It turns out that Judge James Teilborg’s harangue of a lawyer from the bench about her allegedly insufficient compassion for the unborn was indeed a sign of what was to come: The Clinton-appointed district court judge in Arizona just did something, well, unprecedented. He upheld Arizona’s ban on abortions after 20 weeks, claiming it didn’t actually “ban” abortions before viability, it just “regulates” them down to the most grueling emergencies.
Worse, Teilborg even regurgitated the suspect science of “fetal pain,” a first in the federal courts, though his decision was based on the contorted “regulation” versus “ban” finding. The Supreme Court has repeatedly held that the state can only ban abortions after viability, regardless of the rationale, but Teilborg found that Arizona’s H.B. 2036 “does not impose a substantial obstacle to previability abortions,” because a woman can still get an abortion after 20 weeks if she’s about to die or suffer major physical impairment.

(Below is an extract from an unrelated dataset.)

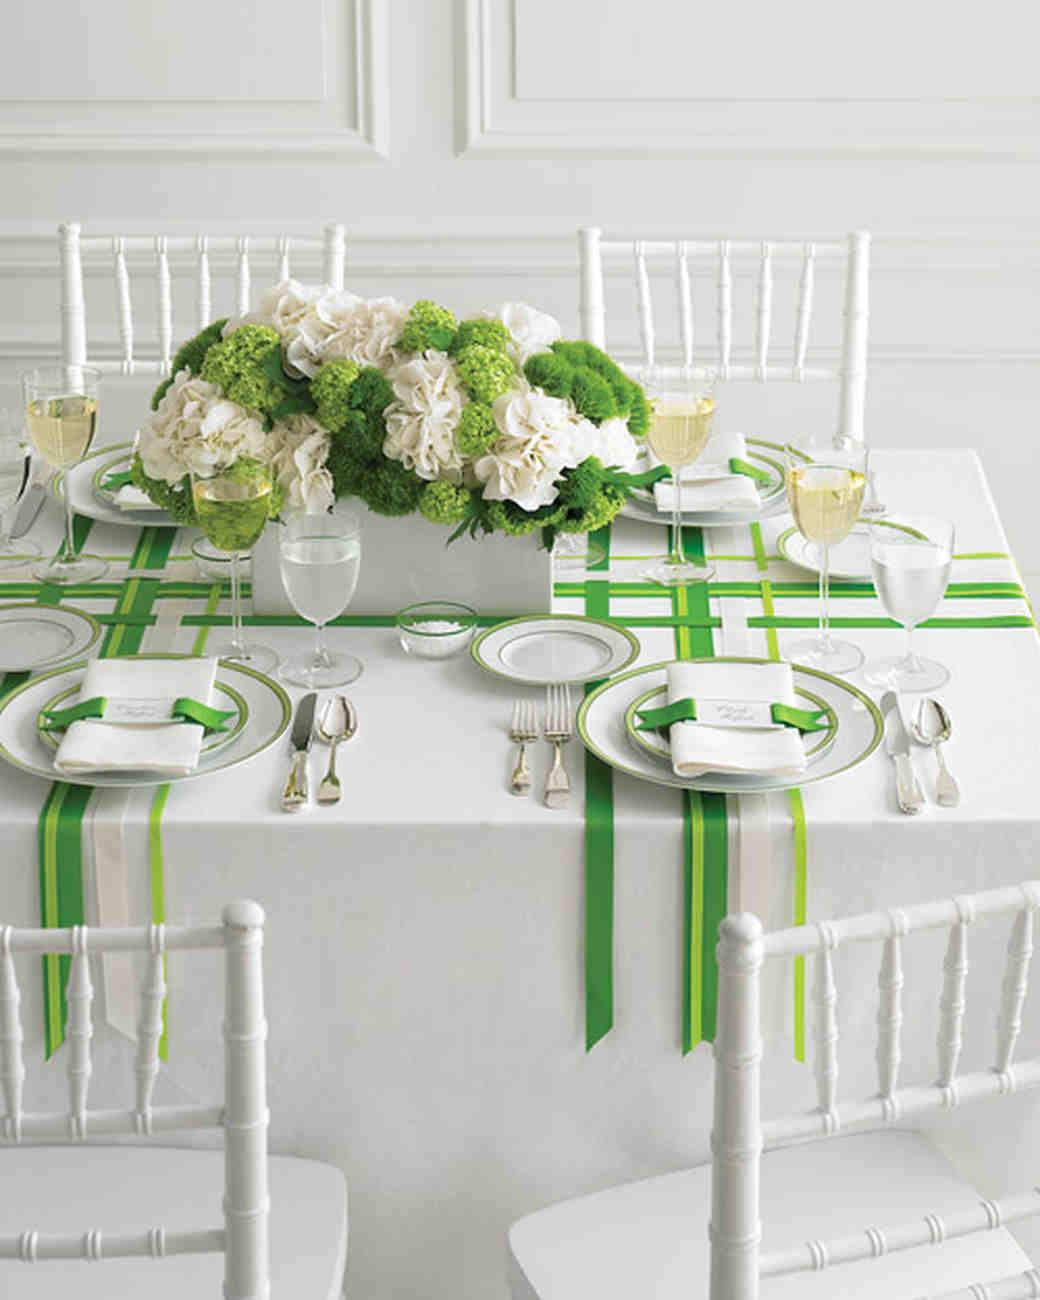 Ribbon-Weave Tabletop & Wedding Colors: Green and White   Martha Stewart Weddings

“It’s such a game of semantics, to the point of Alice in Wonderland,” ACLU staff attorney Alexa Kolbi-Molinas told Salon. “When the Supreme Court said you cannot ban any abortions prior to viability, regardless of whether there are any exceptions to that ban, that’s exactly what they meant.”
The Arizona law is the first of several state-level pre-viability bans to be challenged by doctors and reproductive rights advocates. The law’s pretext is the relative increased risks of later abortions (compared to earlier abortions, not to the risks of carrying to term) and the alleged ability, heavily disputed in the medical literature, of the fetus to feel pain before the third trimester. The plaintiffs, which were represented by the ACLU and the Center for Reproductive Rights, declined to get into the fetal pain issue because, they said, the precedent is so clear about pre-viability abortion.
But Teilborg clearly found it relevant enough to include in his decision as justification for the “regulation.” He claimed the state had presented “substantial and well-documented evidence that an unborn child has the capacity to feel pain during an abortion by at least 20 weeks gestational age.” (The Royal College of Obstetricians and Gynecologists in the UK concluded otherwise, as did a review of the evidence by the Journal of American Medical Association, which found that “evidence regarding the capacity for fetal pain is limited but indicates that fetal perception of pain is unlikely before the third trimester,” four weeks after the ban.)
The next step is an appeal to the 9th Circuit, requesting both an emergency stay before the law goes into effect Thursday and a full overturning of it. As for that purported lack of compassion the judge saw in the plaintiffs, the attorneys in that case pointed out that the judge was lacking in it himself. Julie Rikelman, litigation director at the Center for Reproductive Rights, recalled her colleague’s response to Teilborg: “These doctors take care of women with high risk pregnancies and they do everything in their power to keep the pregnancy, if that’s what the woman wants.” But that isn’t always possible. And even if the woman doesn’t want to keep the pregnancy for other reasons beyond being at death’s door, where’s the compassion for her?